Cuando subimos al taxi para regresar a Jerusalén, un sol rojo-dorado cubría todo el lugar y la inscripción que enmarcaba el cartel de entrada “Quédate con nosotros Señor, que se hace tarde”, sobrecogió a todos en un sentimiento de conmoción y divina nostalgia al mismo tiempo.

Betania la vi a pleno sol, subiendo por los callejones que llevan a la tumba de Lázaro,  me parecía escuchar las palabras de Jesús a Marta “Una sola cosa es necesaria…”.

Vi Betfagé, con la piedra, venerada todavía hoy, donde Jesús puso el pie para montar el asno antes de entrar a Jerusalén en medio de ramos de olivo y los hosannas de la multitud.

El Getsemaní y el huerto, espléndido jardín, me hizo permanecer recogida y dolorida en la pulcra iglesia decorada con gusto, iluminada de violeta, en el centro encierra una piedra enrojecida hoy por una luz, un tiempo por la sangre de Jesús. Me parecía estar viendo a Jesús pero no osaba imaginarlo.

Después el Gallicantus, donde el gallo cantó, y la escalerita, todavía bien conservada a la intemperie, bajo el cielo entre el verde de los prados que la rodean y las plantas. Lleva de Sión al torrente Cedrón.

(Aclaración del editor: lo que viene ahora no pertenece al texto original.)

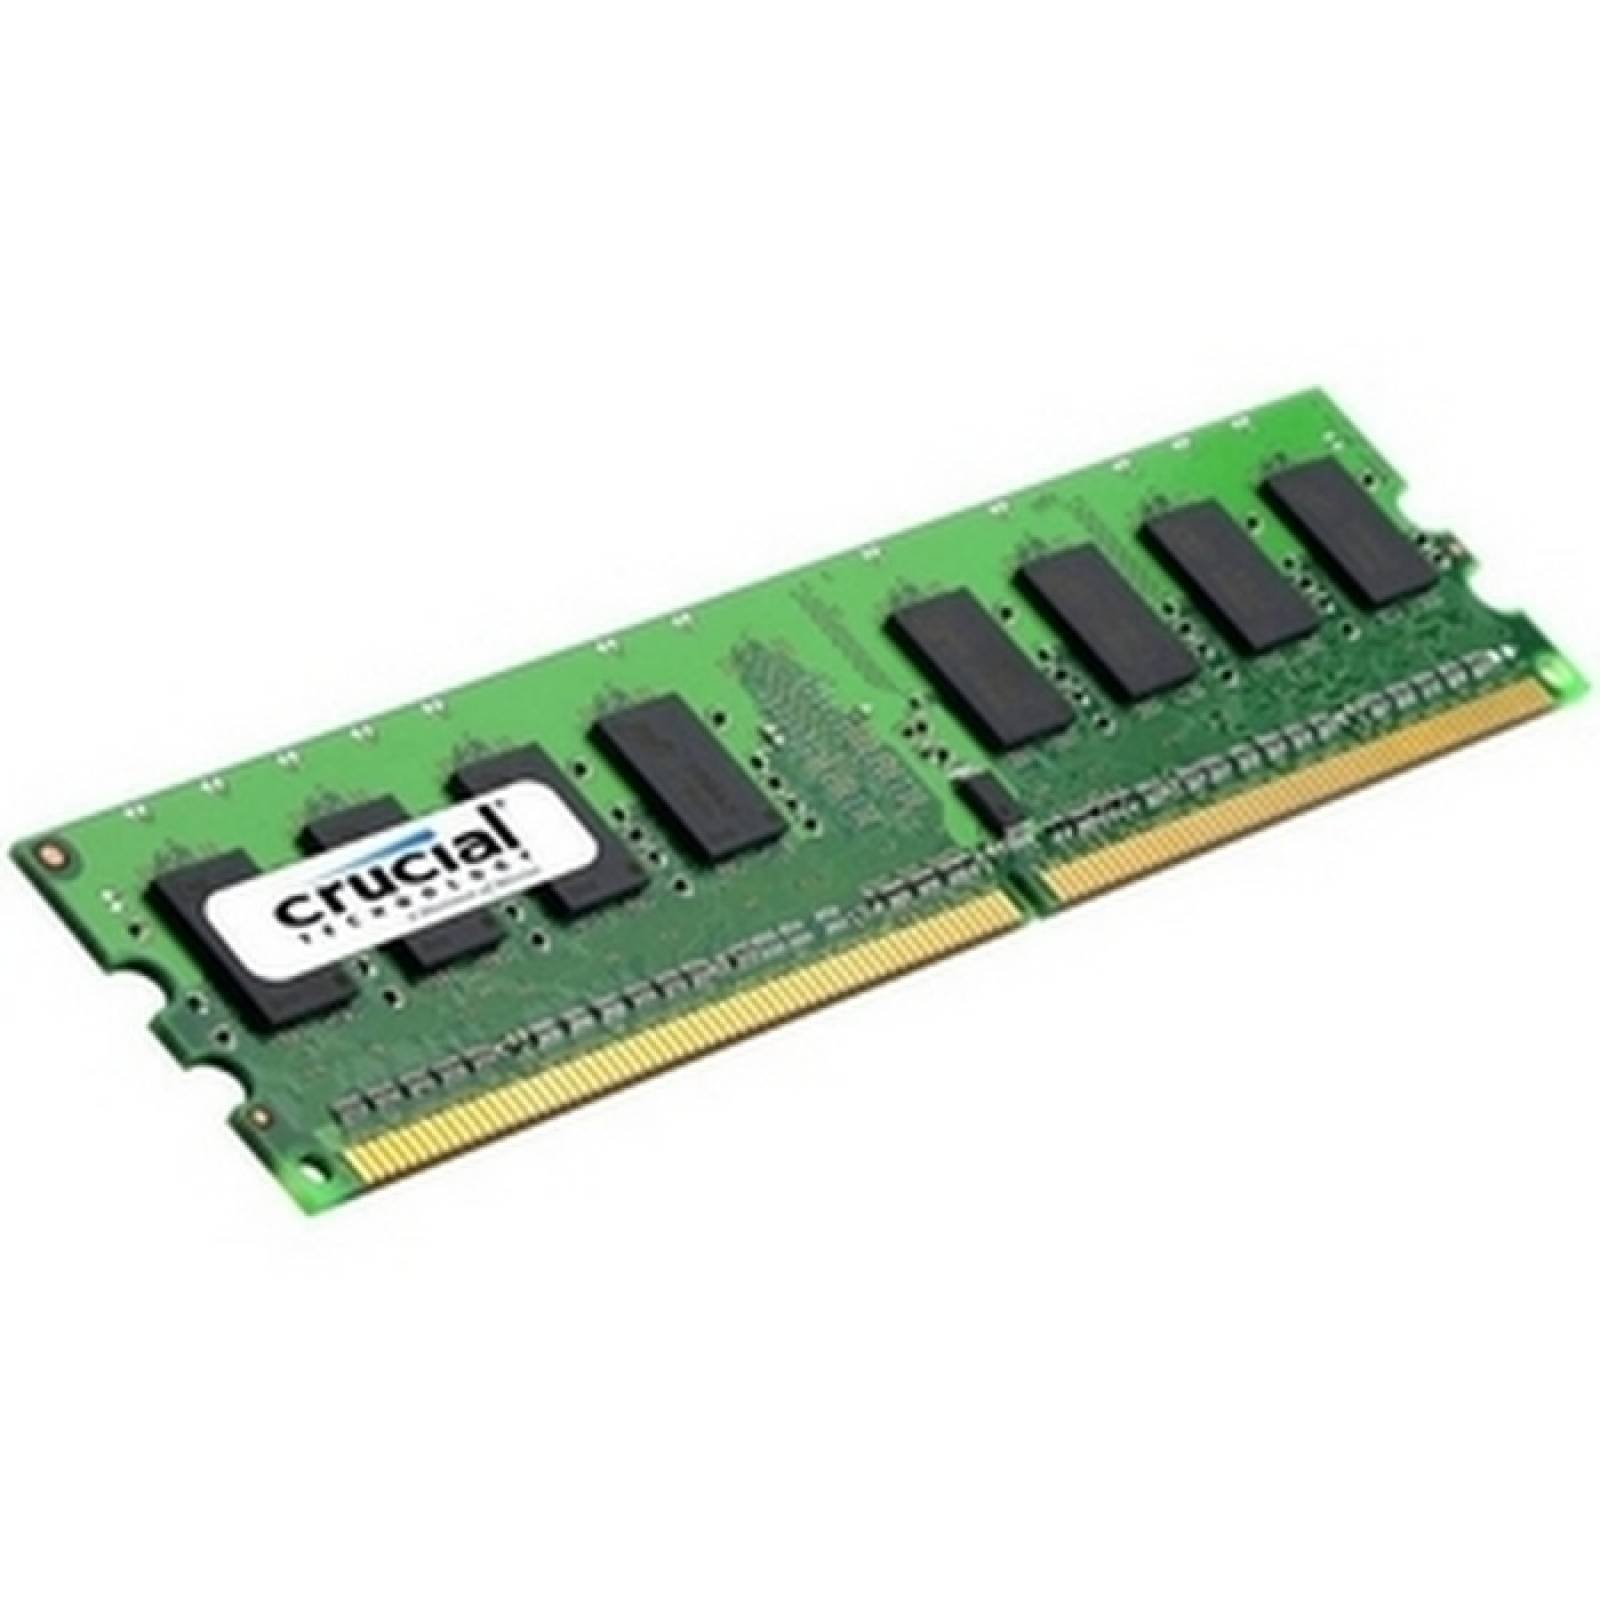 Crucial 1 GB DDR2 SDRAM Memory Module

Aquí el Maestro, ya cerca de la muerte, con el corazón lleno de ternura hacia sus discípulos, ciertamente elegidos por el Cielo, pero todavía frágiles e incapaces de comprender, a nombre suyo y de todos aquellos por quienes había venido y estaba dispuesto a morir, elevó al Padre su oración: “Padre Santo, protege en tu nombre a quienes me has dado, para que sean una sola cosa como nosotros”. Allí Jesús invocó al Padre que nos adoptada, aunque estuviésemos lejos por nuestras culpas, y que nos hiciera hermanos entre nosotros, en la más salda, porque divina, unidad.

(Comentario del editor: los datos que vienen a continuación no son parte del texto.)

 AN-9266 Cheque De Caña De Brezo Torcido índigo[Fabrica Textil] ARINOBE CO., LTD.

Vi muchos otros lugares, recorrí muchos caminos que Jesús recorrió, Observé lugares que Jesús observó, pasaron bajo mi mirada piedras, piedras y más piedras… Y cada piedra decía una palabra, mucho más que una palabra, hasta que, la final, me sentía toda inundada, toda llena de la presencia de Jesús.

Recuerdo con claridad el haberme literalmente olvidado de mi patria, de mis conocidos, de mis amigos, de todo. Me veía inmóvil y estática, espiritualmente petrificada entre estas piedras, sin otra cosa que hacer que adorar. ¡Adorar con el alma fija en el Hombre Dios que aquellas piedras me habían explicado, revelado, cantado, exaltado!

Sólo una idea me hizo regresar. También en Italia había un lugar que valía más que todos esos lugares, donde encontraría a Jesús vivo: era el tabernáculo, cada tabernáculo con Jesús eucaristía.

Fragmentos tomados de Escritos Espirituales 1 “El atractivo del tiempo moderno” – Ed. Ciudad Nueva, 1996.